Through the review process, investigators have identified nearly 300 DNA matches, four criminal defendants and one homicide suspect.

SPOKANE, Wash. — The Spokane Police Department (SPD) has finished reviewing nearly all backlogged cold case sexual assault test kits.

SPD said investigators have successfully reviewed more than 1,400 sexual assault kits dating back to 1984. Through the review process, investigators have identified nearly 300 DNA matches, four criminal defendants and one homicide suspect. Investigators also filed six different criminal charges and made 65 referrals to a local victims advocate program in Spokane.

SPD started reviewing cold case sexual assaults in 2021 after the state of Washington called on law enforcement to prioritize submitting backlogged test kits.. The goal of the additional testing, which was dubbed the SAK3 Project, was to address the high number of unsubmitted SAKs in the state and to provide some kind of resolution to sexual assault victims.

The cases SPD focused on were filed on or prior to July 24, 2015, some of which dated back to 1984. All cases were kept as evidence and were eventually sent to the Washington State Patrol (WSP), who partnered with a private lab for testing.

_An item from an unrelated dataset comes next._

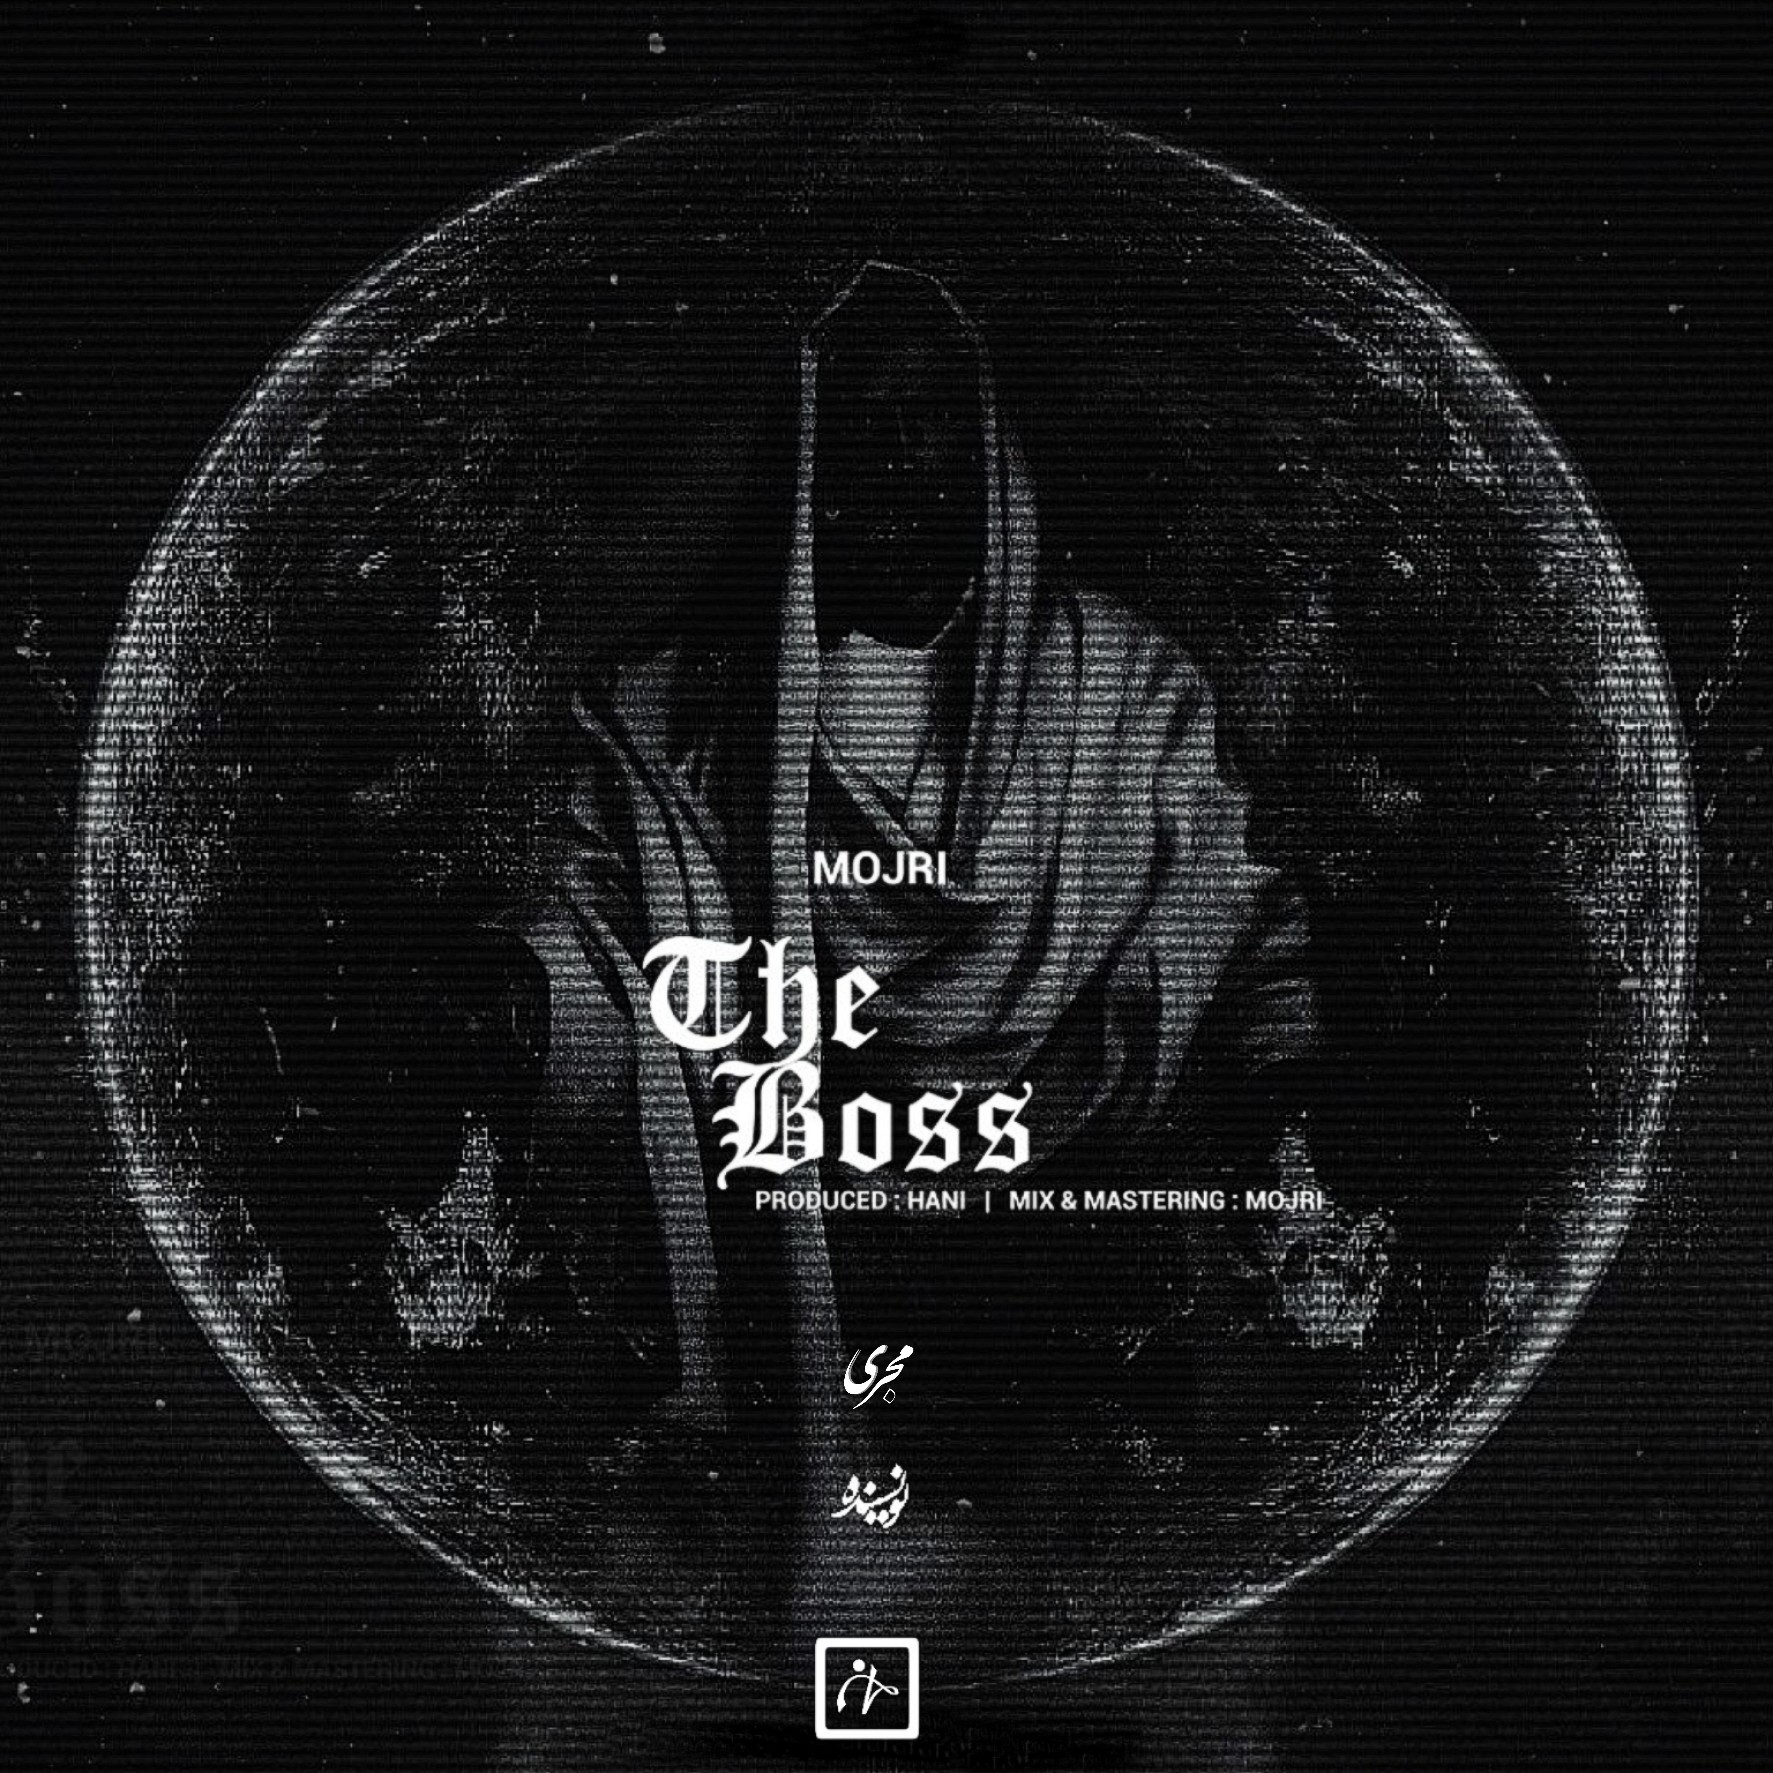 دانلود موزیک جدید و بسیار زیبای مجری به نام The Boss

Backlog testing ramped up after the department accepted a grant from the Washington Association of Sheriffs and Police Chiefs (WASPC). The money was used to pay overtime to the team dedicated to reviewing and submitting the sexual assault kits (SAK) for testing in their free time. SPD said assigning two officers to the review process allowed them to "move ahead and work on the backlogged cases with a dedicated intentionality," which included determining which cased would result in a meaningful conclusion and which ones needed to be closed.

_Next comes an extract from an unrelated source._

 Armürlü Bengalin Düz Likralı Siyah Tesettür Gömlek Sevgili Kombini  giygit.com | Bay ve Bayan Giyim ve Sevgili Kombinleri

The assigned detectives contacted victims to inform them that their cases were being reviewed. SPD said some of the victims didn't want to pursue criminal charges against their attackers and some provided information based on what they could remember. 

WASPC grant funding ended on June 30 of this year, at which point SPD had completely resolved 1,250 of the 1,404 backlogged sexual assault cases. SPD said the 154 cases that haven't been resolved are all mostly waiting on lab reports to come back and only 23 haven't been tested yet.

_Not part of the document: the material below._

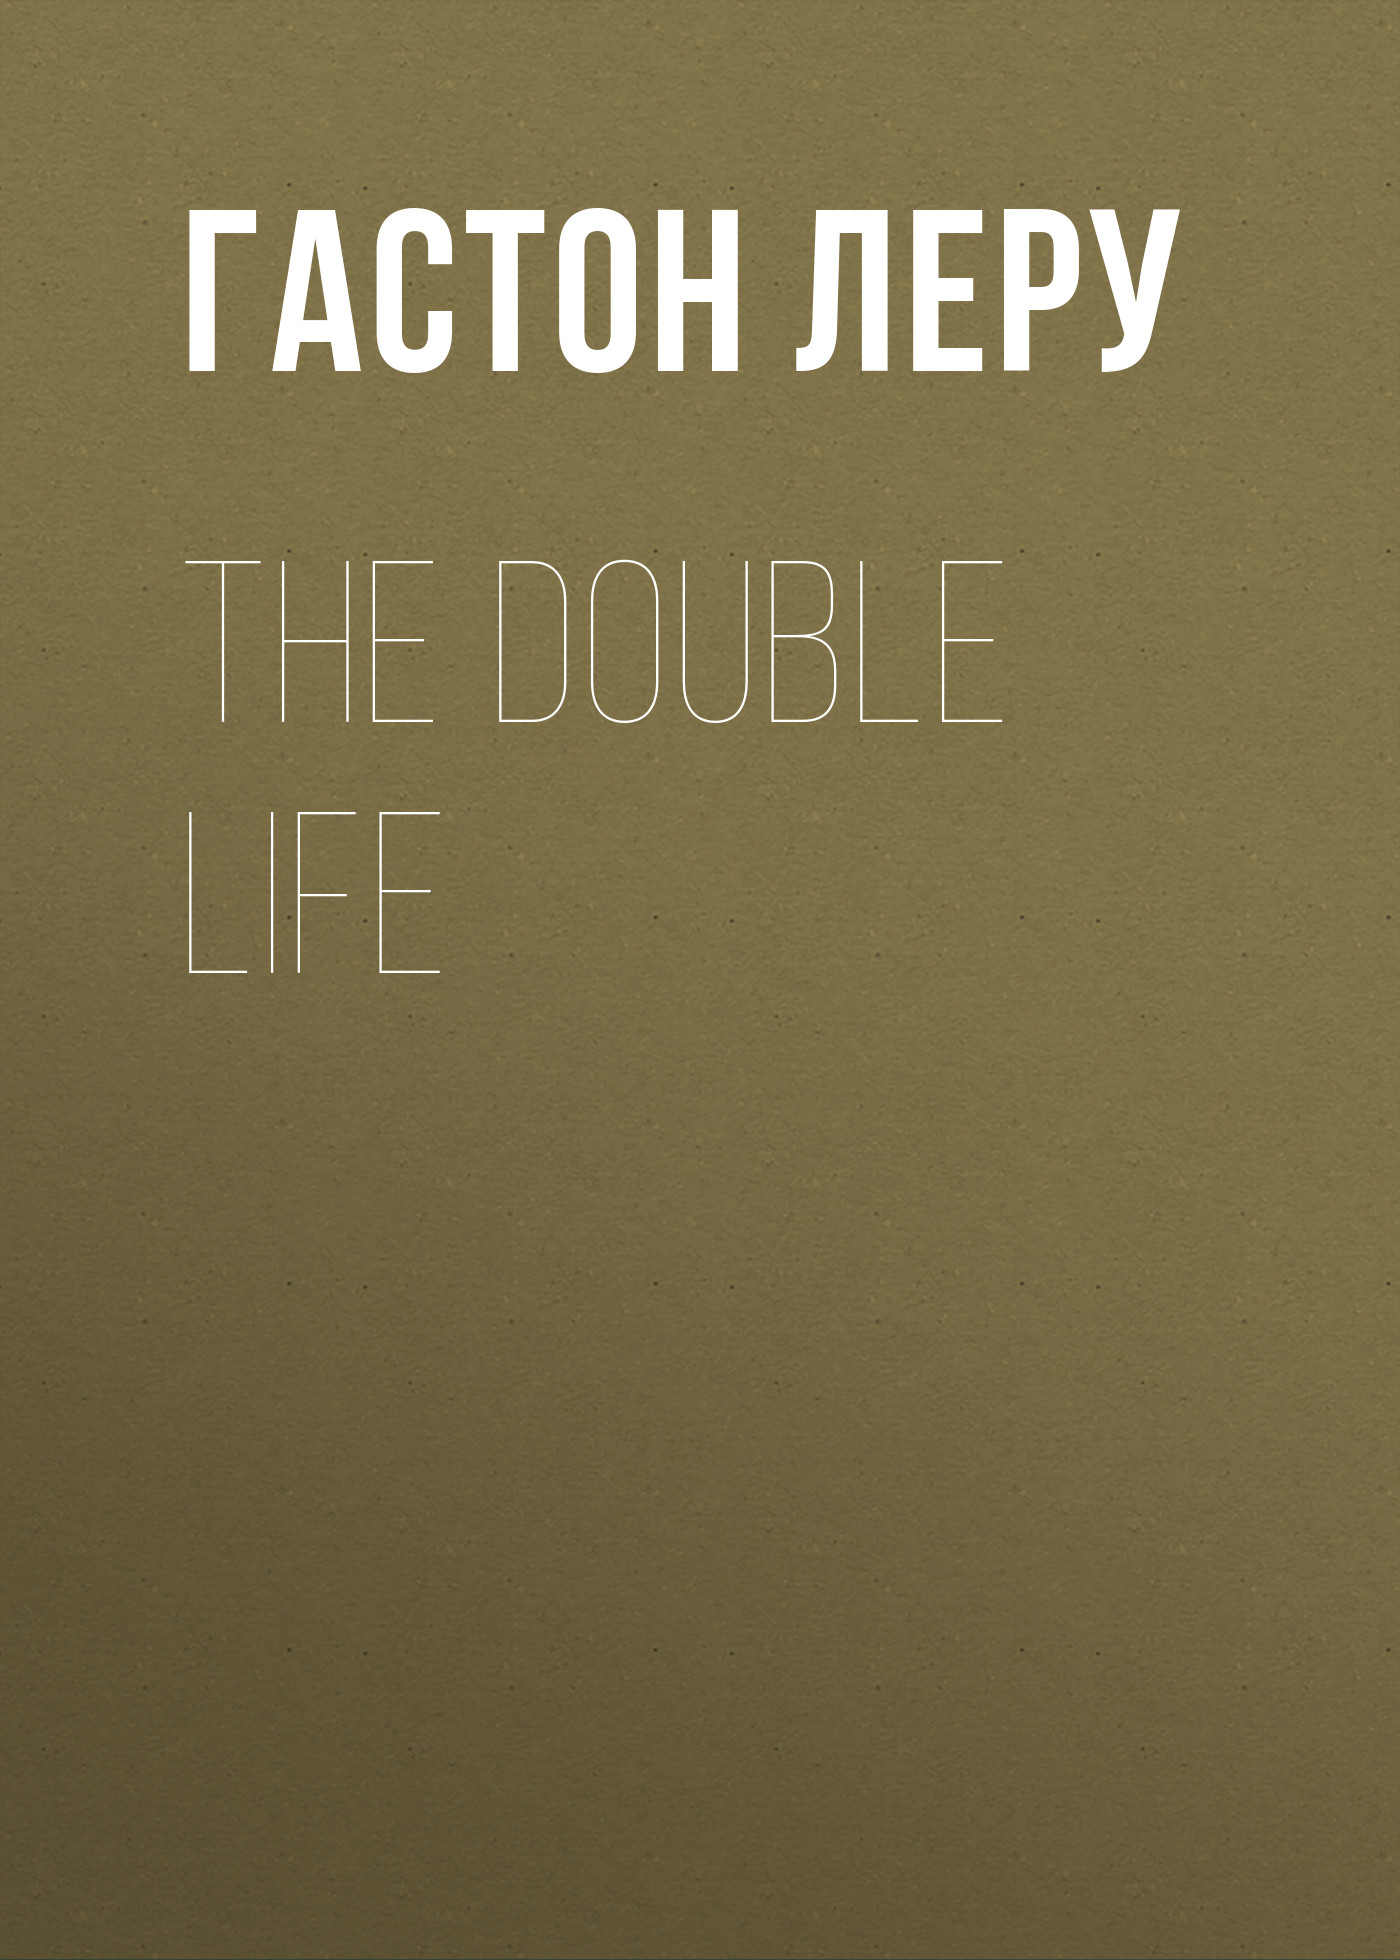 Книга The Double Life из серии , созданная Гастон Леру, может относится к жанру Литература 20 века, Классические детективы, Зарубежные детективы. Стоимость электронной книги The Double Life с идентификатором 34841406 составляет 0 руб.

As of June 28, 297 DNA matches have been identified through the Combined DNA Index System (CODIS). This means DNA evidence from the backlogged SAKs matched DNA on file of known offenders. Some of the CODIS hits showed up as a previous consensual partner of the victim and, in some cases, the identity of the offender was already known.

According to SPD, a CODIS hit doesn't indicate that all elements of a rape are met, but it is evidence that a person's identity can be confirmed and that at some point, that person and a sexual assault victim committed a specific act.

Through the SAK reviews, 65 referrals were made to Lutheran Community Services Northwest (LCSNW), a victims advocacy group that partners with SPD. Additionally, four criminal defendants were identified, six criminal charges were filed-including rape, assault and kidnapping- and one homicide suspect out of California was identified through a DNA profile. 

A DNA match recently helped SPD identify and find the suspect in a 2004 rape case. The man is currently in prison for a previous rape but allegedly committed another one before he was in prison. That DNA match provided evidence to resume the investigation and charge the man with first-degree rape and second-degree assault.

SPD said it is their mission to "seek a just resolution for survivors of sexual assault."